Но как найти имя нынешнего владельца сердоликового перстня?! Беда в том, что за давностью лет почтенный крымский астроном запамятовал фамилию рассказчика-депутата. Так что реликвию, сопряженную с именем Пушкина, стоит сегодня искать в Крыму.
…Пушкин веровал в магическую силу перстня-талисмана, свидетеля былой страсти. И, верно, любил созерцать туманно-красноватое свечение камня сердолика. Загадочный любовный амулет, навечно соединённый с именем обворожительной графини.
«Шестисотлетний дворянин»
Милый образ не скоро покинет поэта: не единожды выведет его рука на чистых листах строки, навсегда обессмертившие имя Елизаветы Воронцовой.
Но и властительного супруга графини, вернее, его «милостей» долго ещё не сможет забыть Пушкин.
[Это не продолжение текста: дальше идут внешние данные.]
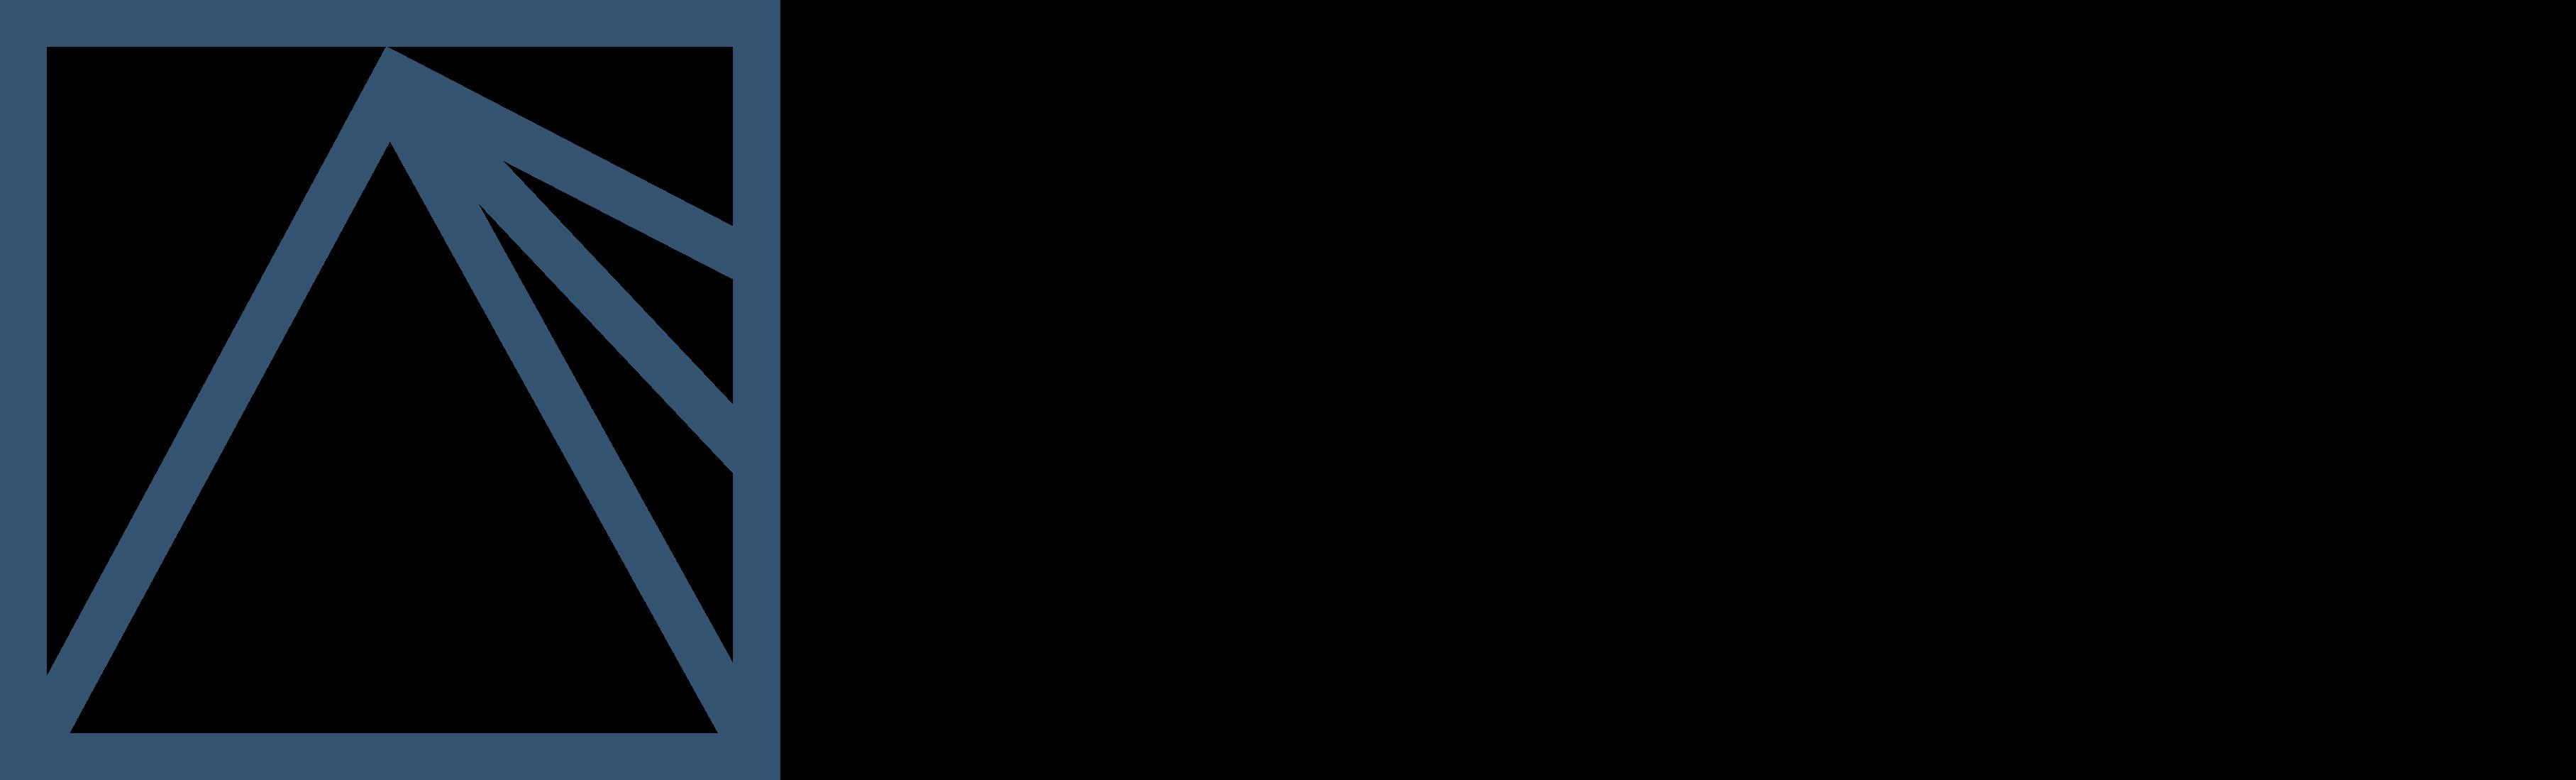 01-ARG-logo-rec

Так, в письме к Александру Бестужеву, критику, размышляя о всемирной литературе, и русской в том числе, помянет он графа недобрым словом: «Мы (писатели) не хотим быть покровительствуемы равными. Вот чего подлец Воронцов не понимает. Он воображает, что русский поэт явится в его передней с посвящением или с одою – а тот является с требованием на уважение, как шестисотлетний дворянин, – дьявольская разница!»
Да вот и Вигель весьма тонко свидетельствует в пользу поэта: «…Как все люди с практическим умом, граф весьма невысоко ценил поэзию; гениальность самого Байрона ему казалась ничтожной, а русской стихотворец в глазах его стоял едва ли выше лапландского. А этот водворился в гостиной его жены и всегда встречал его сухими поклонами, на которые, впрочем, он никогда не отвечал. Негодование возрастало, да и Пушкин, видя явное к себе презрение начальника, жестоко тем обижался и, подстрекаемый Раевским, в уединенной с ним беседе часто позволял себе эпиграммы».
Любопытны и суждения самого Пушкина о резкой перемене в его жизни, когда принужден был он покинуть милую Одессу и… милую графиню. О них поведал Иван Иванович Пущин, единственный из друзей, кто дерзнул навестить опального поэта в Михайловском: «Пушкин сам не знал настоящим образом причины своего удаления в деревню; он приписывал удаление из Одессы козням графа Воронцова из ревности; думал также, что тут могли действовать некоторые смелые его бумаги по службе, эпиграммы на управление…»
Иван Пущин, оставив воспоминания много-много позже после достопамятной встречи, не без горечи заметит: «Уцелели бы все эти дорогие подробности, если бы тогда при нас был стенограф». Увы…
Спустя годы Александр Сергеевич записал новость, слышанную им от прибывшего из Одессы знакомца: «Болховской (Яков Дмитриевич Бологовский, отставной офицер, советник. –
Это последнее упоминание Пушкина о Елизавете Воронцовой, что осталось на страницах его дневника, помеченное днём 8 апреля 1834-го. Именно тем воскресным днём Пушкин и Бологовский в числе других представлялись императрице Александре Фёдоровне. Там, в петербургских дворцовых покоях, и состоялся тот памятный разговор. И, верно, поэту приятно было слышать лестные отзывы о былой возлюбленной.
«Злой гений»
В Одессе у Пушкина появился не мнимый, а реальный соперник – Александр Раевский, имевший с графиней довольно долгую связь.
Друг Александра Пушкина и его «злой гений» одновременно. «Язвительные речи» Александра Раевского, исполненные «хладного яда», обладали странной притягательностью. Саркастический ум и скептицизм приятеля поначалу приводили в восторг молодого Пушкина – поэт не сомневался: его друг «будет более нежели известен». Пушкин и обессмертил его имя, посвятив необычному приятелю стихотворения «Демон», «Коварность» и, вероятно, «Ангел».
И Раевский, и Пушкин были влюблены в красавицу-графиню Елизавету Воронцову, оба домогались её расположения, и оба в том преуспели. Но Александр Николаевич, и тому есть немало доказательств, употребил весьма сомнительные средства для устранения соперника. И как следствие хитроумного шантажа – обострение отношений Пушкина с всесильным губернатором Михаилом Воронцовым и высылка поэта из Одессы в Михайловское.